__Prompt__: Every entry is to be returned as it stands, apart from the pictures.

__Input data__:

-=-=-=-=-

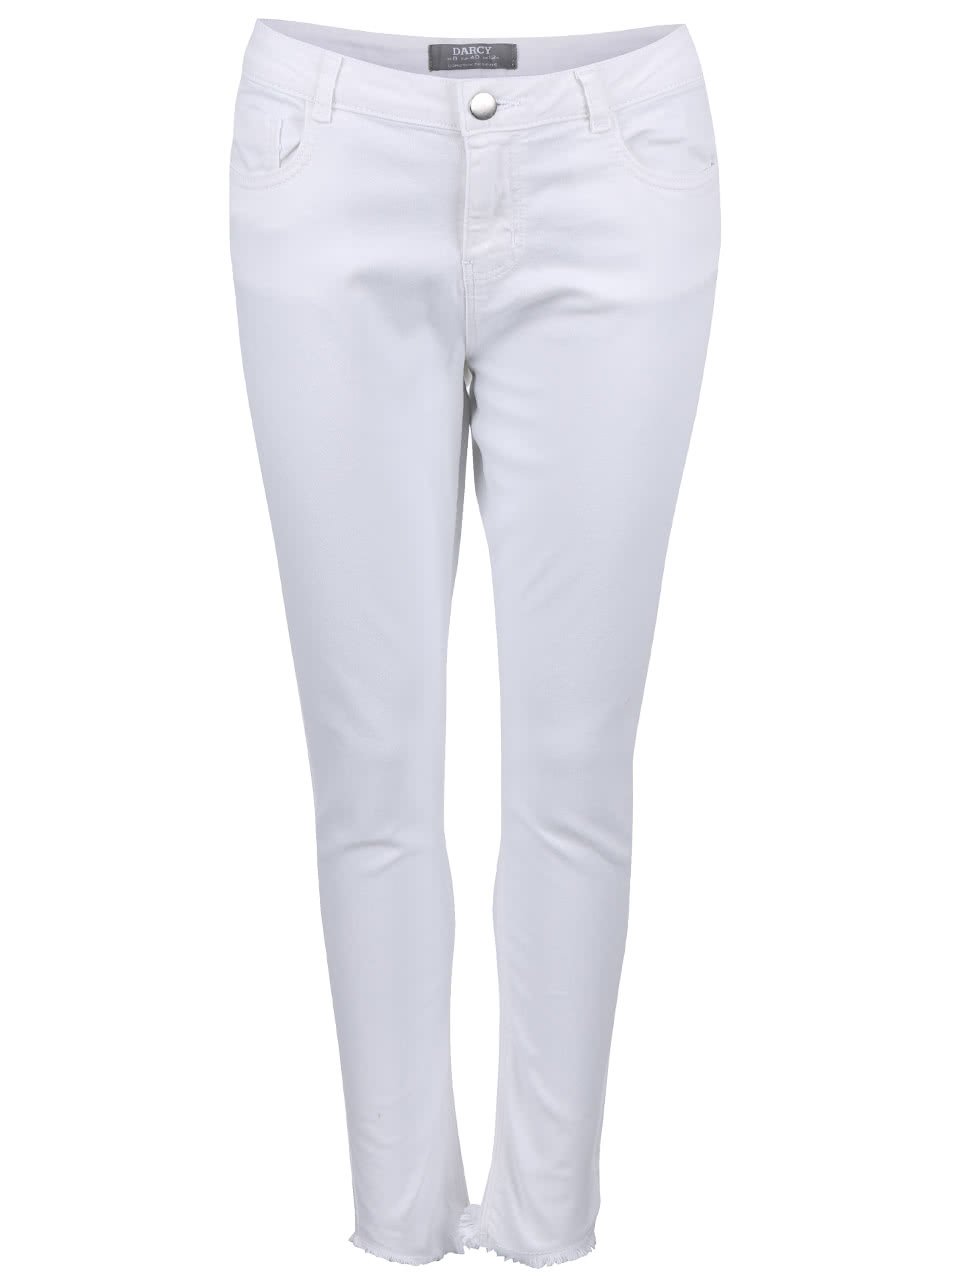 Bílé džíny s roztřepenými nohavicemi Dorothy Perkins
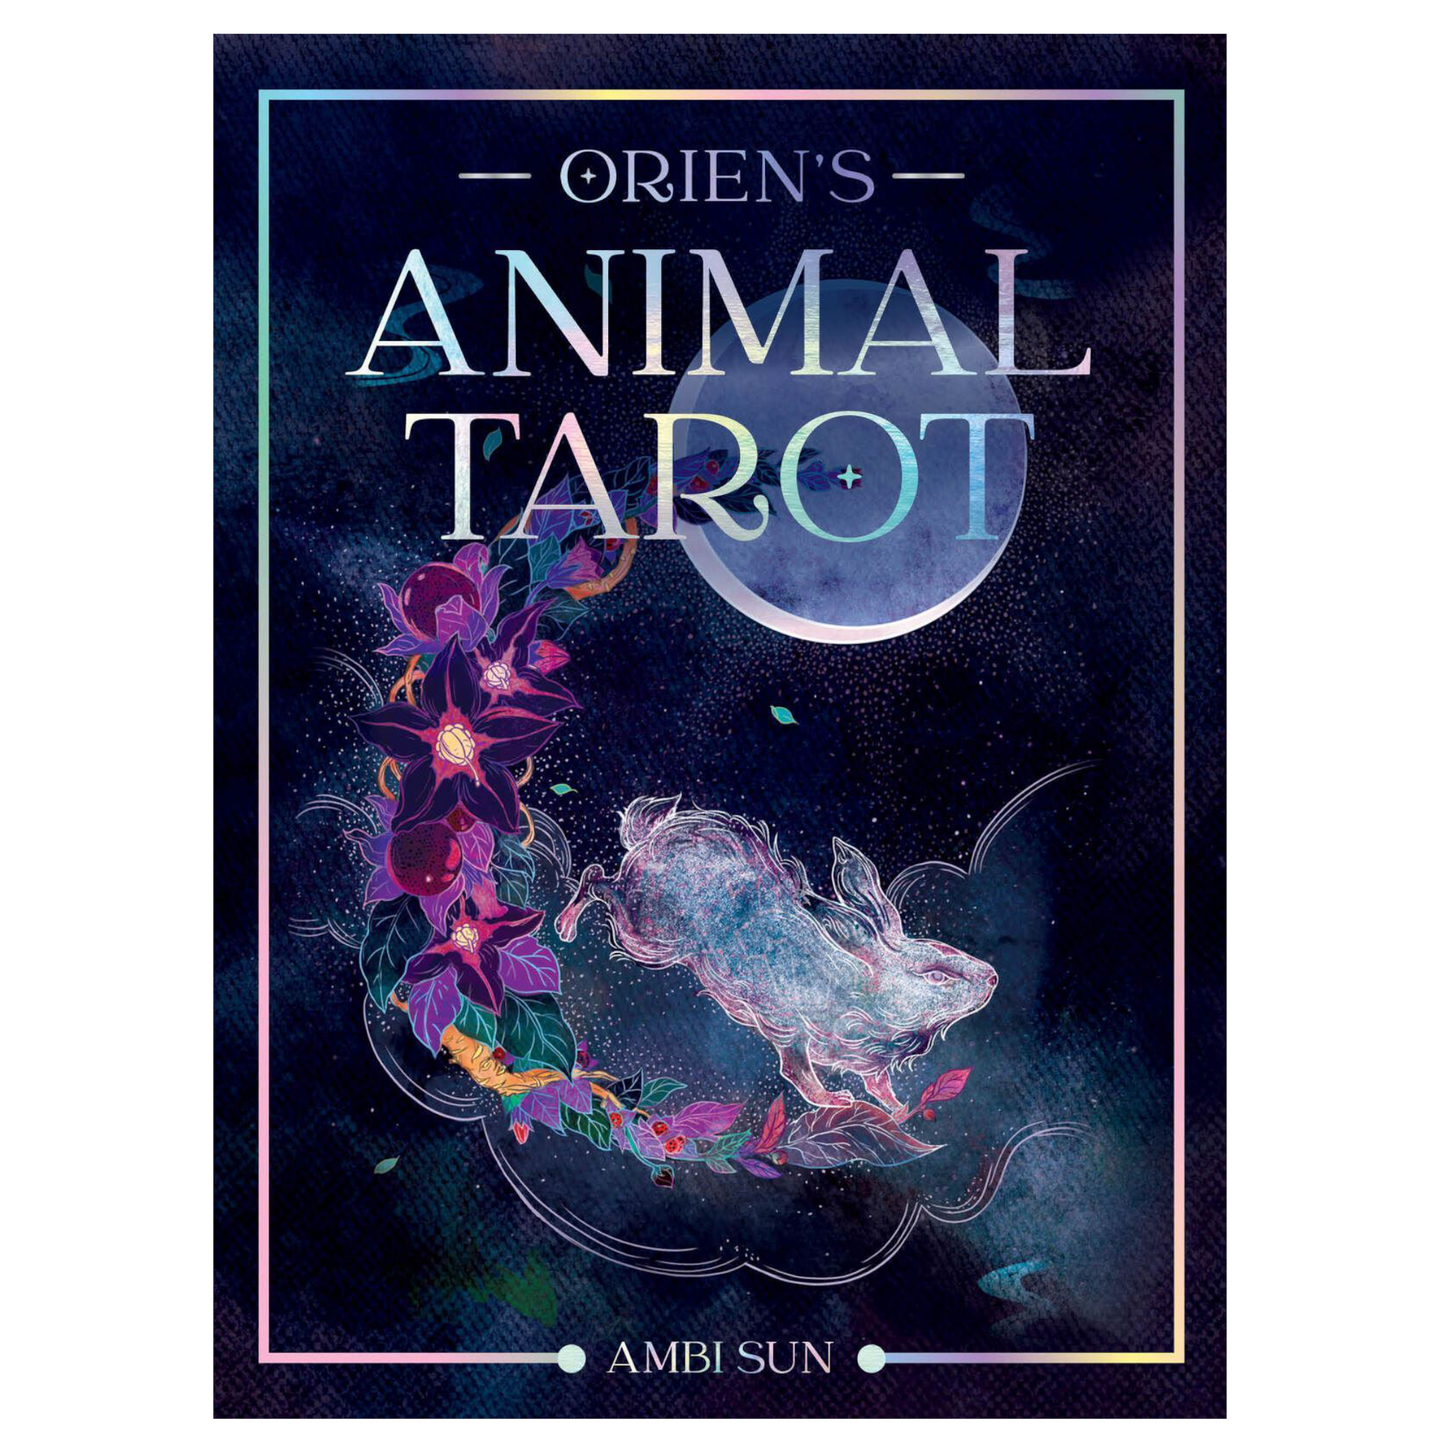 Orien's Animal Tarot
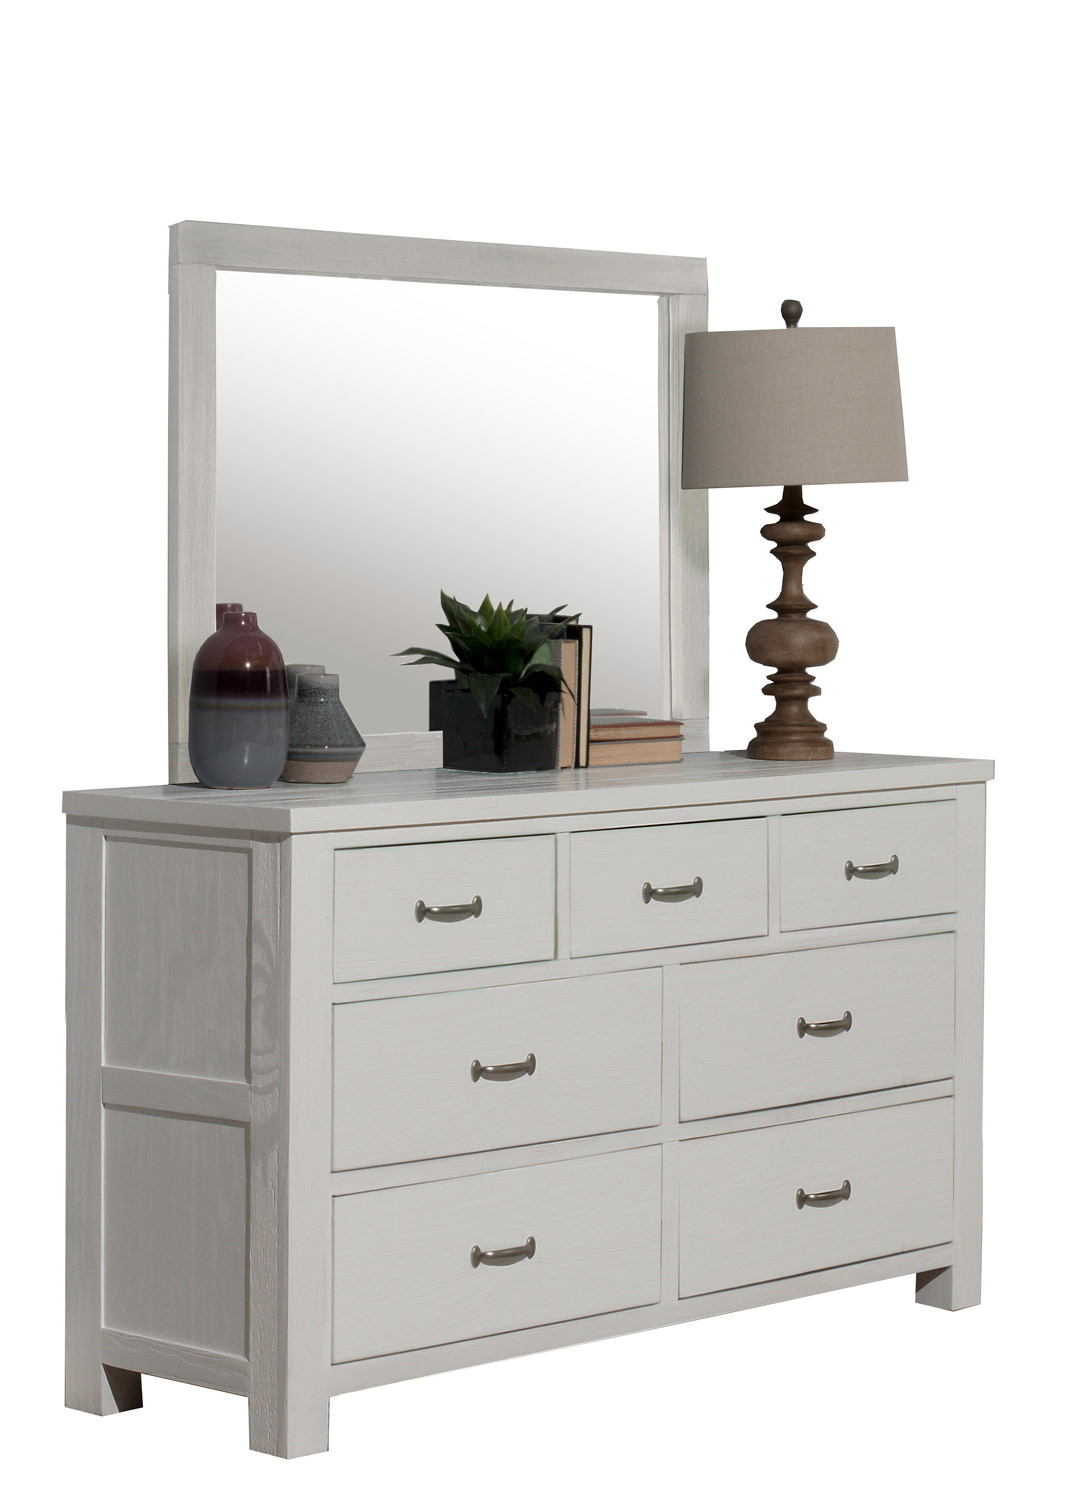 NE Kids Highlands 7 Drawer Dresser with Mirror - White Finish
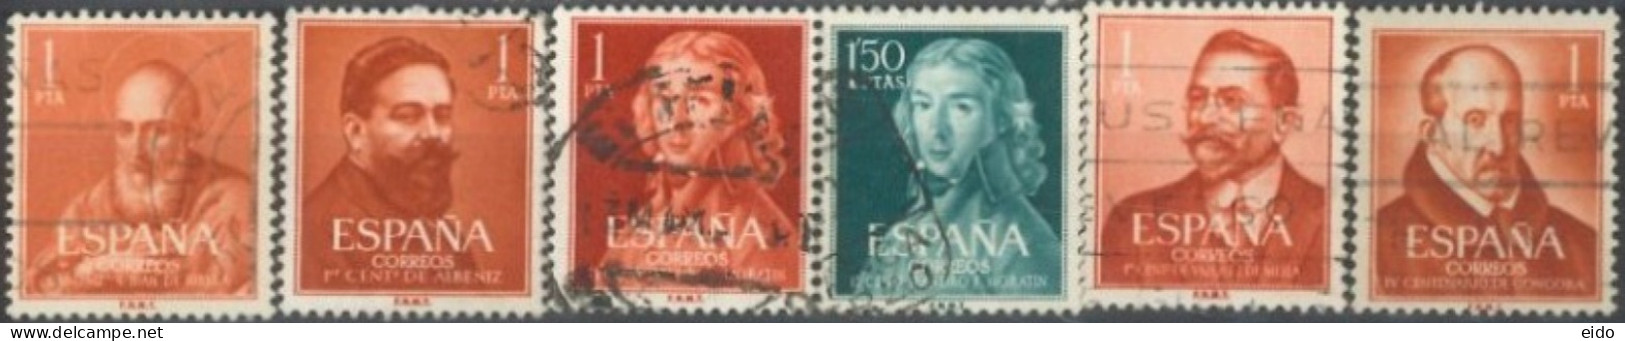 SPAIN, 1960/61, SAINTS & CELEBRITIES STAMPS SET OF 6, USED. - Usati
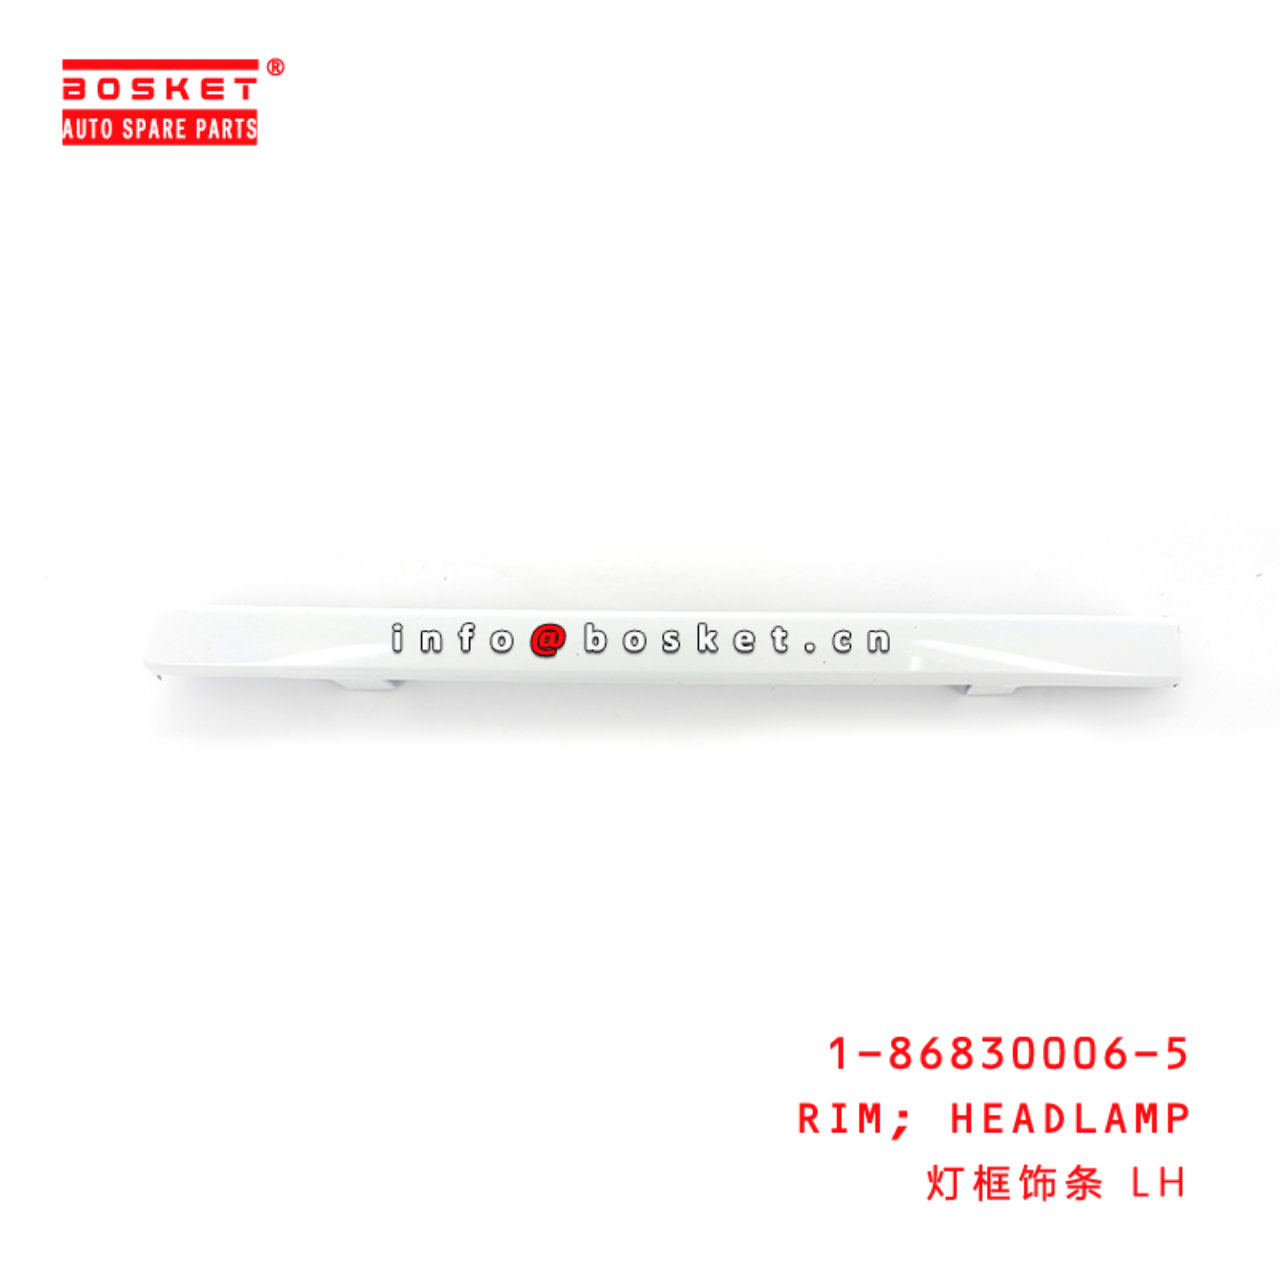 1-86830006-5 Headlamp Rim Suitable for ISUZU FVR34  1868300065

-=-=-=-=-

__Solved problem__:
 Bílé džíny s roztřepenými nohavicemi Dorothy Perkins
 Orien's Animal Tarot
 NE Kids Highlands 7 Drawer Dresser with Mirror - White Finish
 SPAIN, 1960/61, SAINTS & CELEBRITIES STAMPS SET OF 6, USED. - Usati
 1-86830006-5 Headlamp Rim Suitable for ISUZU FVR34  1868300065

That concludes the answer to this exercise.